Câmbio e pandemia fazem empresas investirem em projetos made in Brazil

A intenção é escapar das importações que estão mais caras diante da valorização de 25% do dólar desde o início da pandemia

Escrito por Estadão Conteúdo ,
Legenda: O economista do Instituto de Estudos para o Desenvolvimento Industrial (Iedi), Rafael Cagnin, acredita que haverá algumas mudanças substanciais no País
Foto: Foto: Marcello Casal Jr/Agência Brasil

Duas explosões simultâneas, a do câmbio e a do coronavírus, estão levando empresas a ampliar o processo de nacionalização de matérias-primas e componentes. A intenção é escapar das importações que estão mais caras diante da valorização de 25% do dólar desde o início da pandemia, da dependência de poucos fabricantes globais e da escassez de produtos de combate à covid-19 por causa da alta demanda mundial.

Diante da falta generalizada de álcool gel, usado para evitar a disseminação da covid-19, a Klabin, fabricante de papéis para embalagens, desenvolveu um espessante em substituição ao carbopol, matéria-prima derivada do petróleo que transforma o álcool líquido em gel. O produto era 100% importado da China e, além da escassez, teve significativo reajuste de preço.

O novo produto é extraído da madeira e foi desenvolvido em apenas duas semanas numa parceria da Klabin com o Instituto Senai de Inovação e com a indústria de cosméticos Apoteka, que produzirá o álcool gel em sua fábrica de Leme (SP).

"Conseguimos, num momento crítico para nós e para o mundo, um substituto do carbopol derivado da microfibra celulósica extraída de nossas florestas o que é muito bom em termos de sustentabilidade pois é um produto renovável", afirma Carlos Augusto do Amaral Santos, gerente corporativo de P&D da Klabin.
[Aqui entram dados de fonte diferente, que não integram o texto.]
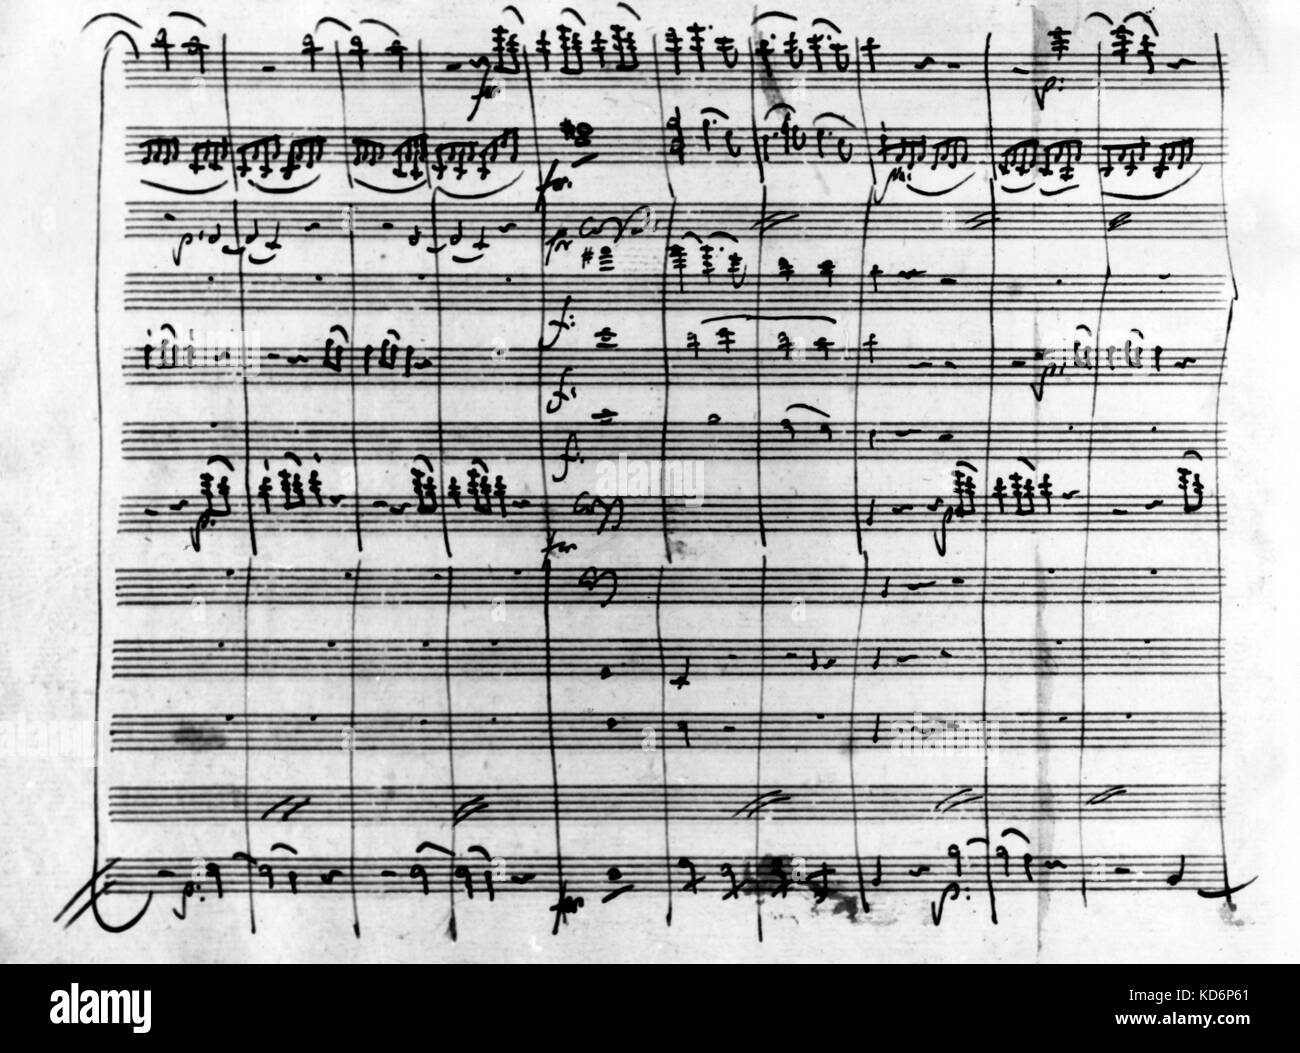 Wolfgang Amadeus Mozart 's Symphony No. 40, Molto Allegro in G moll, KV 550, bars 73-82. Score page in the composer's handwriting. Austrian composer. 1756-1791 Stock Photo
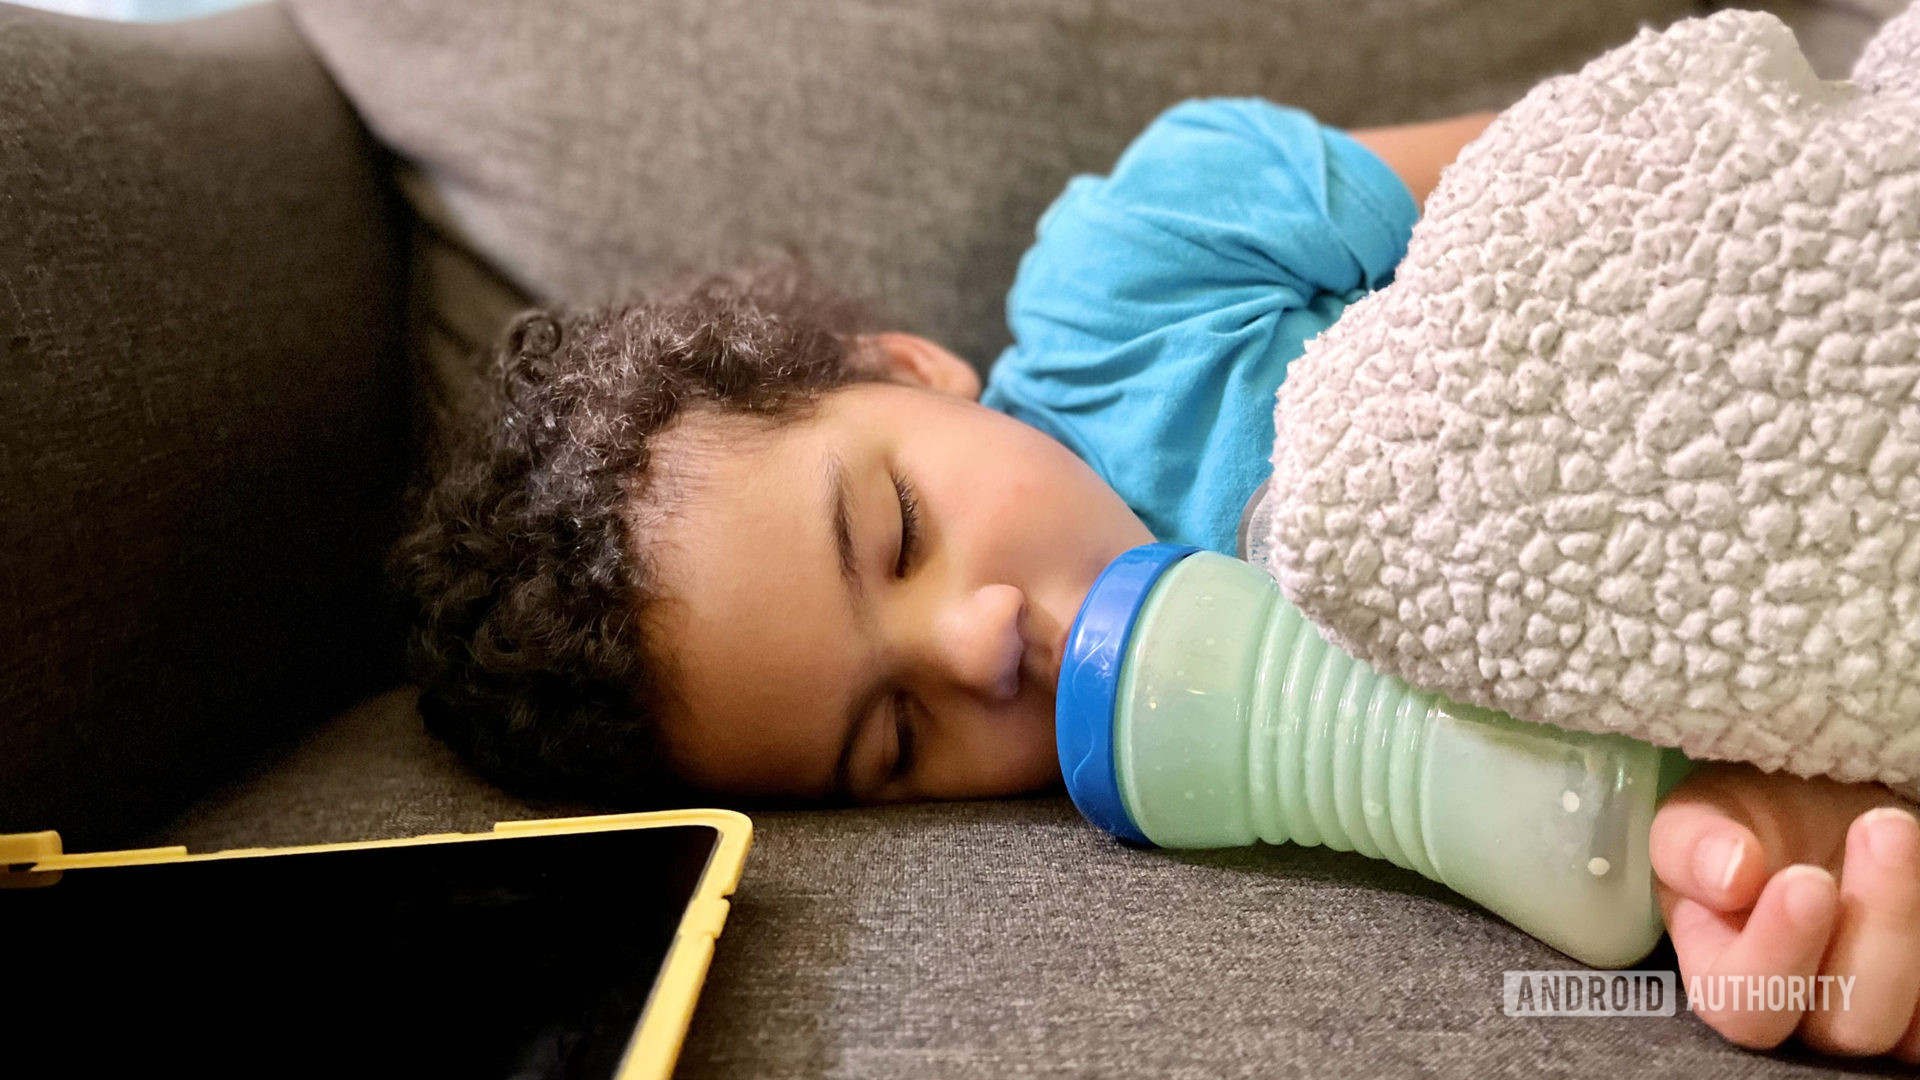 A toddler with a bottle and a blanket sleeping next to an iPad Air 2

A empresa já entrou com pedido de patente.

O novo espessante também tem outras aplicações, como em fórmulas de cosméticos e na própria produção de papel. "Isso abre uma possibilidade grande de mercado interno e, no futuro, de exportar, dependendo da nossa estratégia", diz Santos.

O economista do Instituto de Estudos para o Desenvolvimento Industrial (Iedi), Rafael Cagnin, acredita que haverá algumas mudanças substanciais no País. Para ele, as empresas vão ampliar o número de fornecedores para diminuir a dependência de fabricantes externos.

"A reconversão das plantas (para produção de equipamentos médicos, por exemplo) mostra que temos competência industrial para voltar a produzir e reduzir alguns gargalos", diz.

Na avaliação do presidente da Associação Brasileira da Indústria Elétrica e Eletrônica (Abinee), Humberto Barbato, a crise atual escancarou a vulnerabilidade do País em relação ao mercado internacional. "Quando o problema surgiu na China, em pouco tempo sofremos com a falta de peças. Esse nível de dependência de componentes eletrônicos cria uma situação grave."

Ele acredita que o Brasil tem oportunidade de retomar a nacionalização da sua indústria, mas, para isso, as empresas precisam ser competitivas e, além de atender o mercado interno, também exportar. E isso, diz ele, só será possível com as reformas tributária e administrativa.

A ZF, fabricante de transmissões para veículos comerciais, diz que, mesmo em home office, seu pessoal está buscando identificar potenciais fornecedores locais que atendam os níveis de tecnologia de seus produtos.

"Este trabalho tem apoio dos nossos clientes pois, além de reduzir a exposição cambial, minimiza riscos logísticos ante a fragilidade demonstrada por esta pandemia, para não depender de um único fornecedor, principalmente distante e de ação limitada" afirma Silvio Furtado, diretor da ZF América do Sul.